Piazza Bra, often shortened to Bra, is the largest piazza in Verona, Italy, with some claims that it is the largest in the country.  The piazza is lined with numerous cafés and restaurants, along with several notable buildings.  The Verona Arena, an amphitheatre built nearly 2000 years ago, is now a world-famous music venue with regular operatic and contemporary music performances.  Verona's town hall, the Palazzo Barbieri, also looks out across the piazza.

Architecture
A garden within Bra is shaded by cedar and pine trees.  It surrounds the fountain of the Alps and a bronze statue of Victor Emmanuel II.   This monument to the first king of Italy, in which he is sat atop a horse, was inaugurated on 9 January 1883, five years to the day after his death.

There are many significant buildings within and around Bra, with construction taking place over many centuries.

Verona Arena

The building itself was built in the first century AD on a site then beyond the city walls.
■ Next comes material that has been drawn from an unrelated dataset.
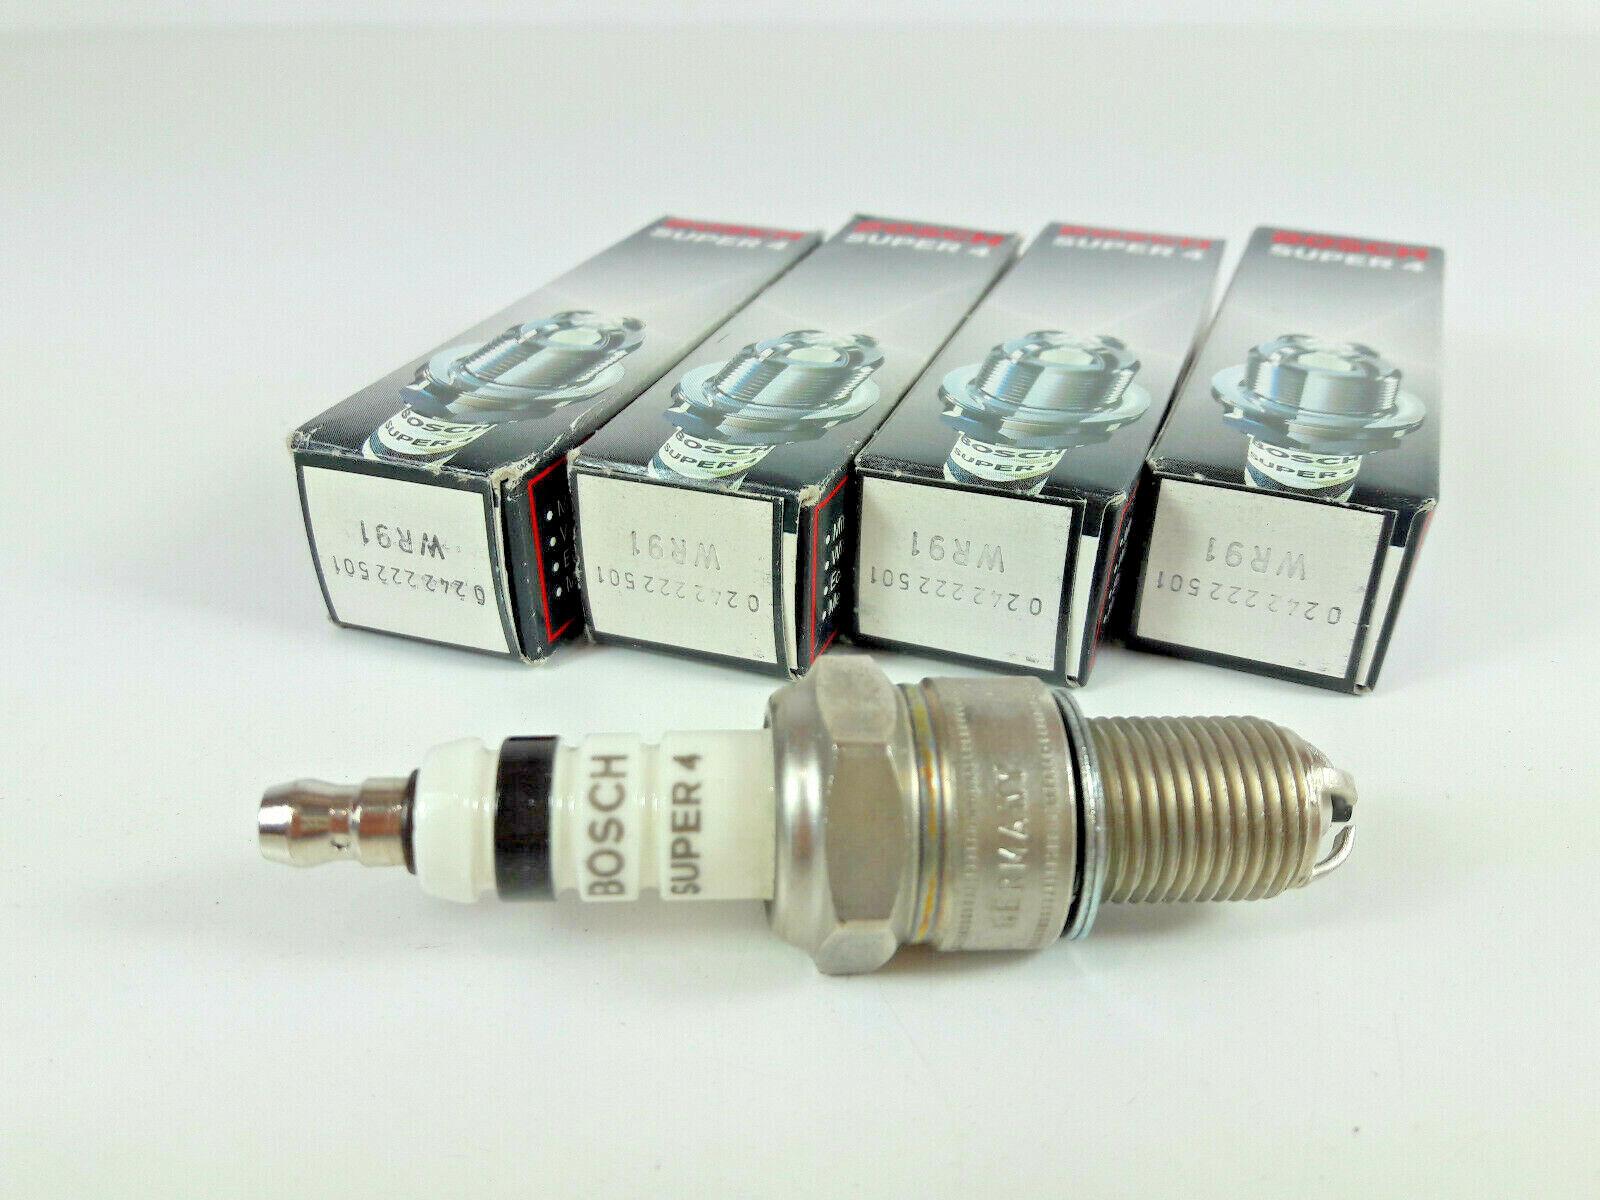 Bosch bujía m5a Spark Plug Bougie candela bujía tennpluggen

The ludi (shows and games) staged there were so famous that spectators came from many other places, often far away, to witness them.  While it can now host crowds of up to 22,000, the original amphitheatre could seat 30,000 spectators.  The arena has been used by many contemporary performers including Pink Floyd, Rod Stewart, Elton John, and Muse.  It has also hosted numerous operas, including in 1946 Ponchielli's La Gioconda which saw the debut of Maria Callas.

Gran Guardia

Palazzo della , was the first building erected on the southern edge of Bra.  It was originally designed by Domenico Curtoni as a roof built from the existing wall out to several pillars.  Leonardo Donato, 90th Doge of Venice, had requested an area for troops to shelter in poor weather.  Work commenced in 1610 but stopped when there was a shortfall in available funds.  Nearly 200 years later, in 1808, architect Giuseppe Barbieri was commissioned to design and complete the project but it was a further 45 years before it was finished.

The building is now used as a venue for conferences, meetings, and exhibitions.

Palazzo Barbieri

Palazzo Barbieri is Verona's town hall.  Originally named Palazzo della Gran Guardia Nuova, it was designed by Giuseppe Barbieri and was later named in his honour.  Construction began in 1836 and was completed by 1848.